Hot pepper sauce and fire roasted tomatoes spice up a vegetarian rice and beans.

  • 4

Ingredients

  • 3 tablespoons vegetable oil
  • 2 large stalks celery, finely chopped
  • 2 large carrots, finely chopped
  • 1 medium (4-6 ounces) red pepper, finely chopped
  • 1 small (4-6 ounces) onion, finely chopped
  • Salt
  • Pepper
  • 1 1/2 cups long grain white rice
  • 3 cups water
  • 2 cloves garlic, crushed with press
  • 1 teaspoon chili powder
  • 3 cups cooked red kidney beans, or 2 cans (15 ounces each) low-sodium red kidney beans
  • 1 can (28 ounces) diced fire-roasted tomatoes
  • 1 tablespoon tomato paste
  • 1 or 2 teaspoons hot pepper sauce
  • 1/2 cup packed fresh flat-leaf parsley, finely chopped

Preparation

Step 1

In 4-quart saucepan, heat 2 tablespoons oil on medium-high until hot.

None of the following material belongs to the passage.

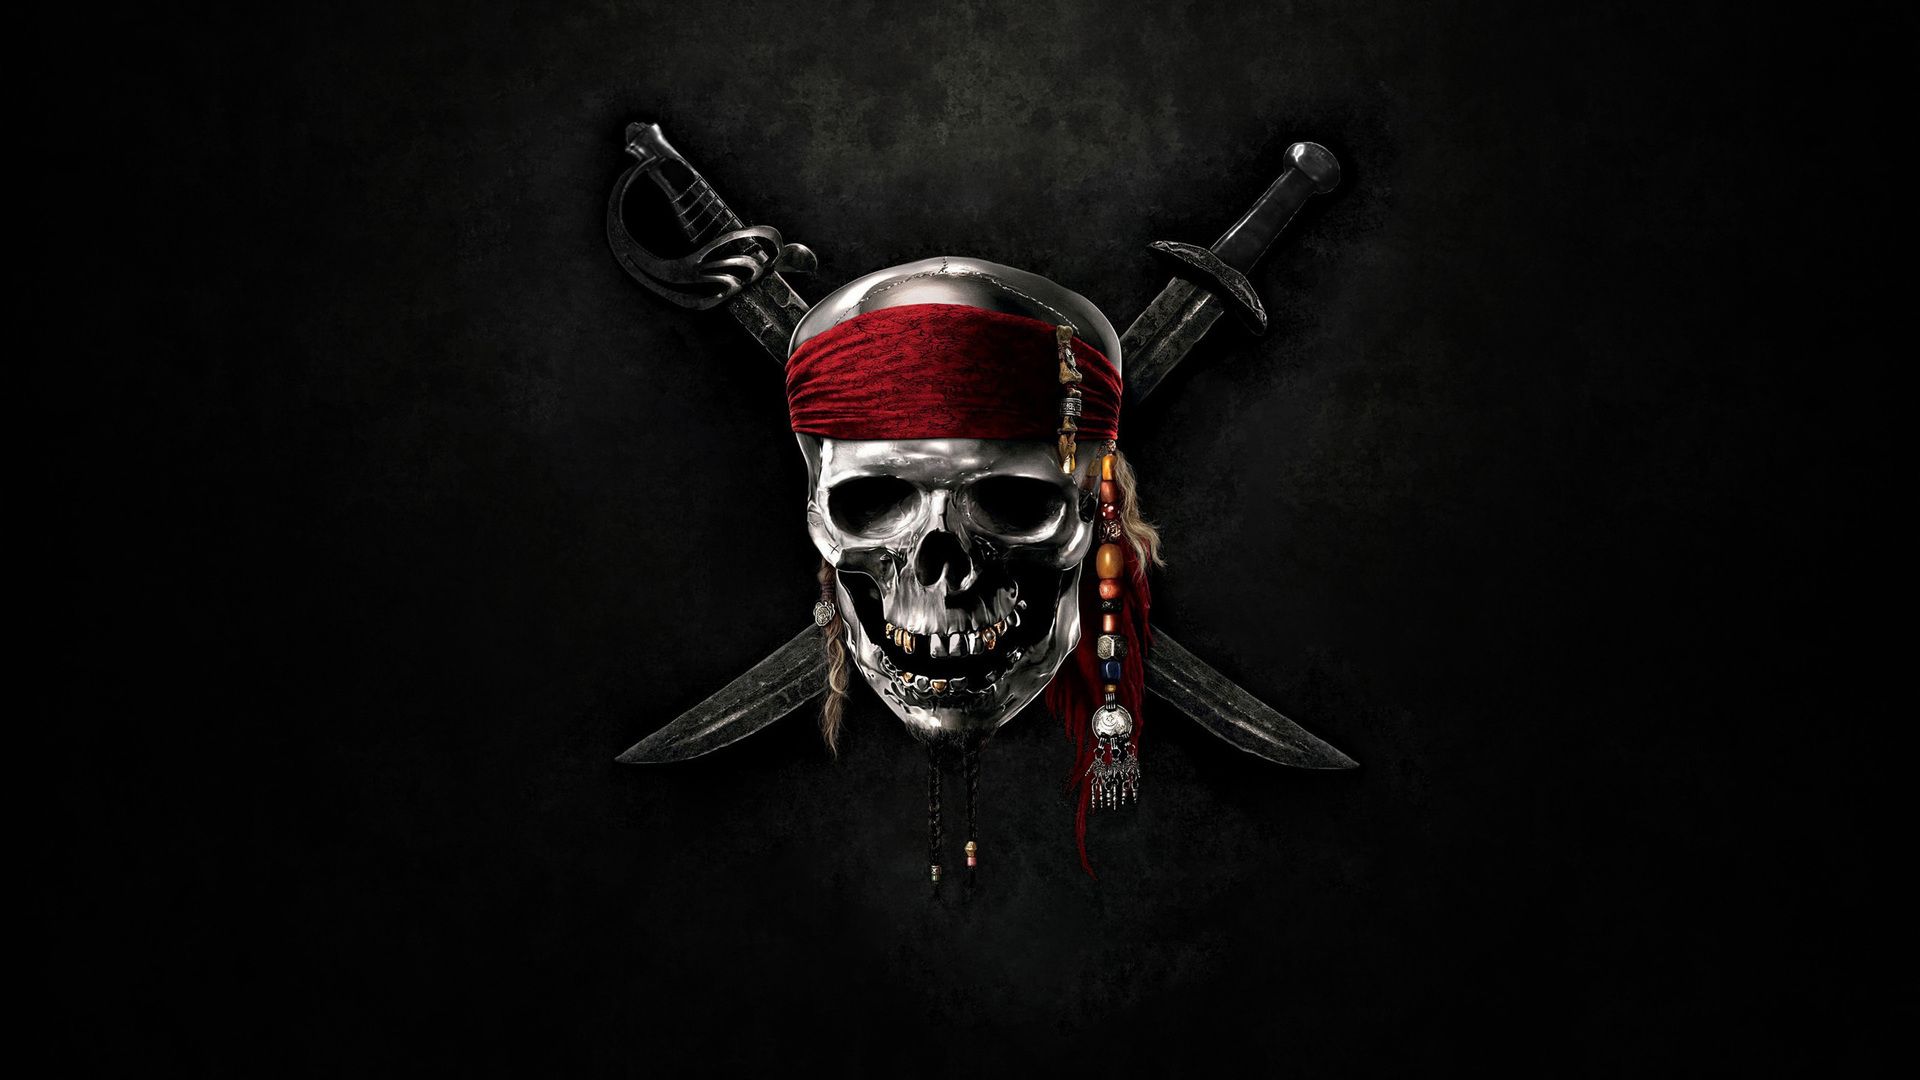 Pirates Of The Caribbean Wallpapers HD

Add celery, carrots, red pepper, onion, 1/4 teaspoon salt, and 1/4 teaspoon freshly ground black pepper; cook 5 minutes or until just tender, stirring occasionally. Stir in rice until well mixed, then add water. Heat to boiling on high. Cover, reduce heat to medium-low, and simmer 15 minutes. Reduce heat to low and simmer 15 minutes longer.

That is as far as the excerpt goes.